It’s hard to imagine that I won’t go to another high school baseball game this season. Man has it been a whirlwind. A 14-inning thriller for the right to go to the state championship seems like a fitting end, but I really had wished it would have ended a different way.
West Marion, which has never won a state title in any sport, played in its second south state championship in the past three years and fought tooth and nail for essentially two ball games Tuesday night against Magee. The Trojans ended up falling, and I’m sure it was painful to endure for the players, coaches and West Marion faithful, but it struck a chord with me as well.
I’m not from here and have no allegiance to any of the schools or athletic programs in Marion County even though The Columbian-Progress and I get accused of having biases all the time. Although I may not have a rooting interest in any of the teams, I do root for the kids and coaches because of the friendships that get built over time.
When you’re around them as much as I am, whether it’s on the field, in the dugout or running into them at school, you get to know them on a personal level and want them to succeed. So to see the pain on Shelby Terrell, Clay Blocker, head coach Derrick Jerkins and others’ faces after the game got to me. They had gave it everything they had and laid it on the line time and time again. This was undoubtedly their best shot to win a state title since the Mark Broom-led team in 1999, and to play 14 innings in a winner-take-all Game 3 on their home field only to come up short was and will be a tough pill to swallow.
However, the legacy of the West Marion seniors deserves to be praised and should live on. You will be hard pressed to find a pitcher as talented as Terrell in Marion County for a long time. It’s not just his plus offerings — there aren’t many high schoolers in small-town Mississippi throwing 91 miles per hour — but his competitiveness and control are bar none. He walked just 11 batters in 81 1/3 innings and struck out 119. Those aren’t even video game numbers. You just don’t see that at any level.
Then Blocker has been the ultimate team guy. It’s hard to quantify the impact a good catcher can have on a team, but it doesn’t go unnoticed by baseball people. Blocker helped manage the pitching staff and controlled the game defensively every time out. He was also a great leader and rallied his teammates when it was needed.

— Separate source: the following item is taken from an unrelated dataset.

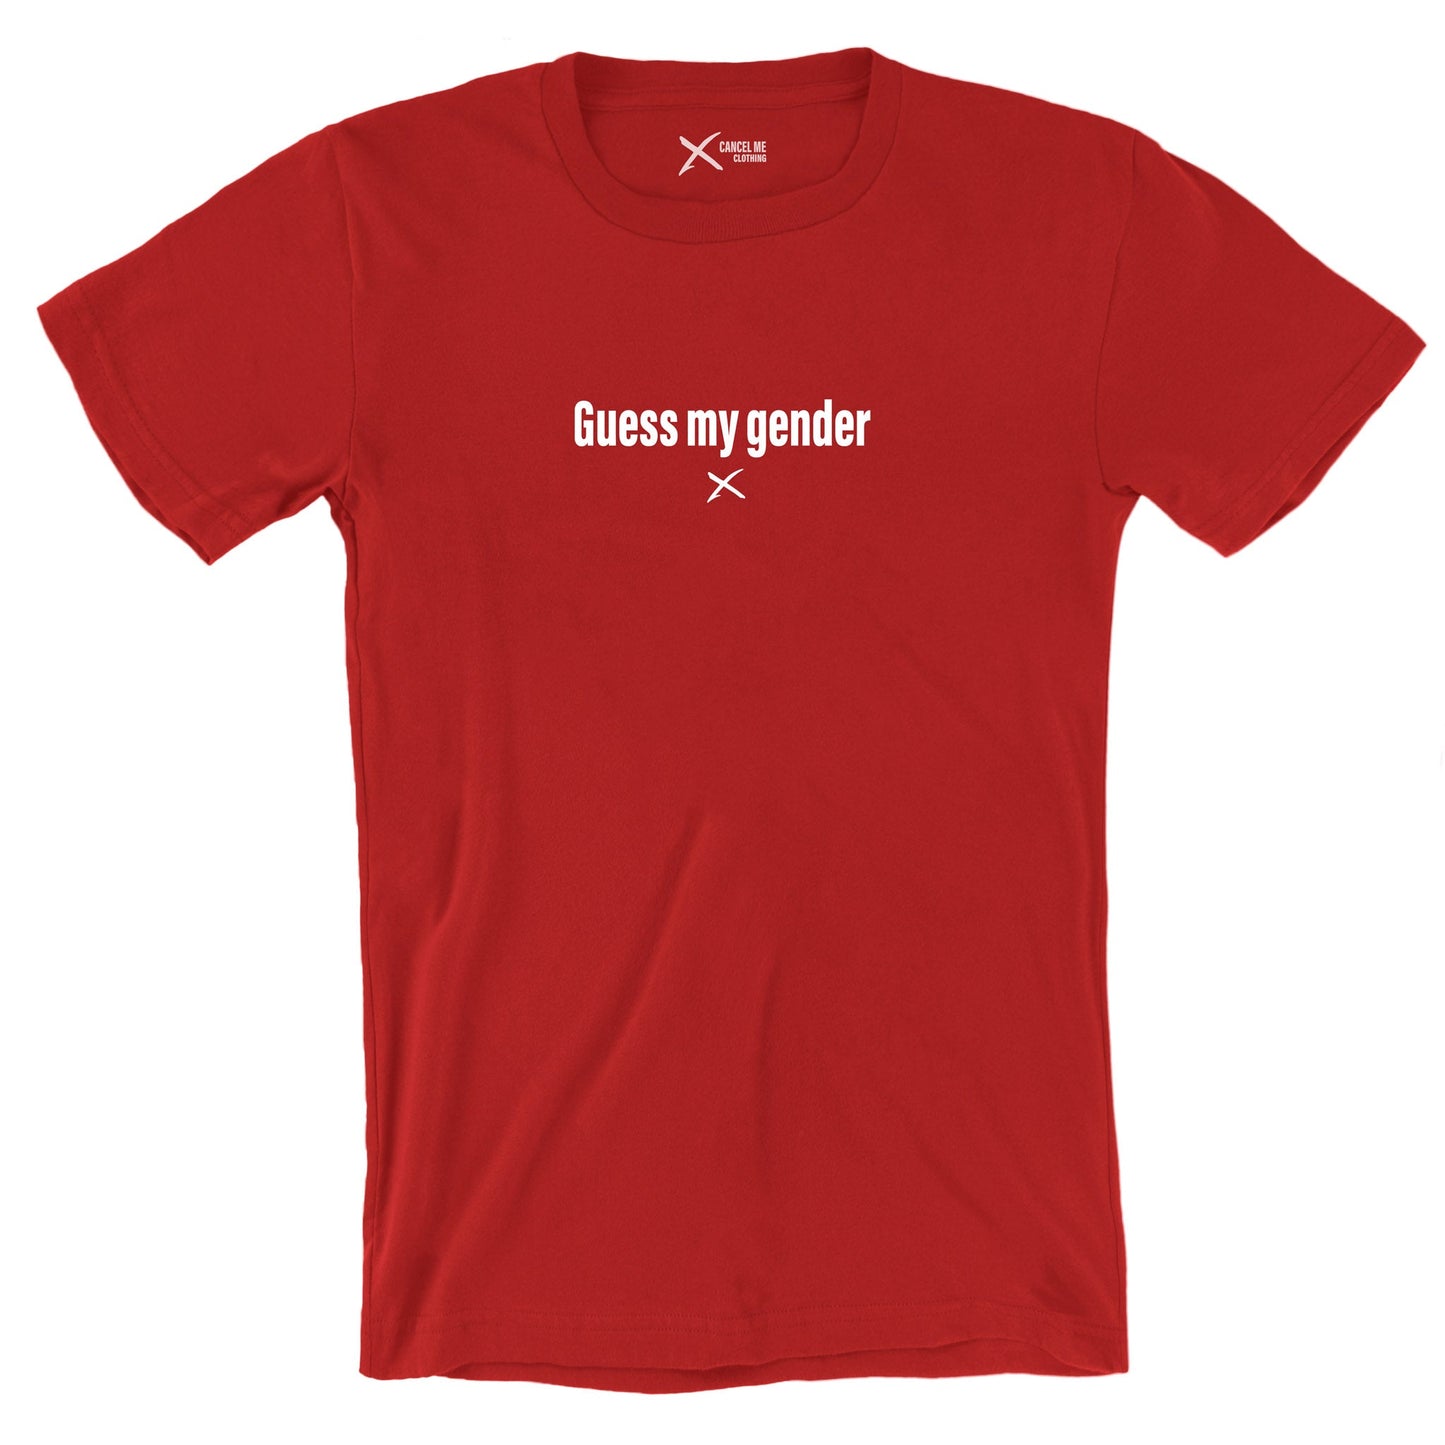 Guess my gender - Shirt

The performance Brett Jenkins gave in Game 3 of the second round against St. Andrew’s Episcopal was one to behold. He pitched the game of his life, shut down a powerful lineup in a complete game and drove in the game-winning run on a near home run.
Robert Patterson, who didn’t even enter the starting lineup until Game 3 of the third round against Wesson, ripped his first hit of the season for a home run then proceeded to have a three-hit, 3 RBI Game 1 against Magee. Logan Fortenberry similarly entered the starting lineup late during the final week of the regular season and delivered a career-high three hits Tuesday. Noel Parrett was replaced in the batting order by Patterson, but he didn’t let that keep him from making steady play after steady play in the outfield.
Then there’s Dalton Raynes, who went swimming in the dirt in the seventh inning Tuesday to beat out a routine ground ball and drove in the two tying runs to force the game to go to extra innings. When coaches talk about giving 110 percent effort, that play in that moment is what they mean.
The final senior, Matthew Morgan, was right there picking up his team every time it was needed.
The Trojans may have fell short of the goal, but they had a great year. I just wanted to tip my cap to them and thank them for a fun ride.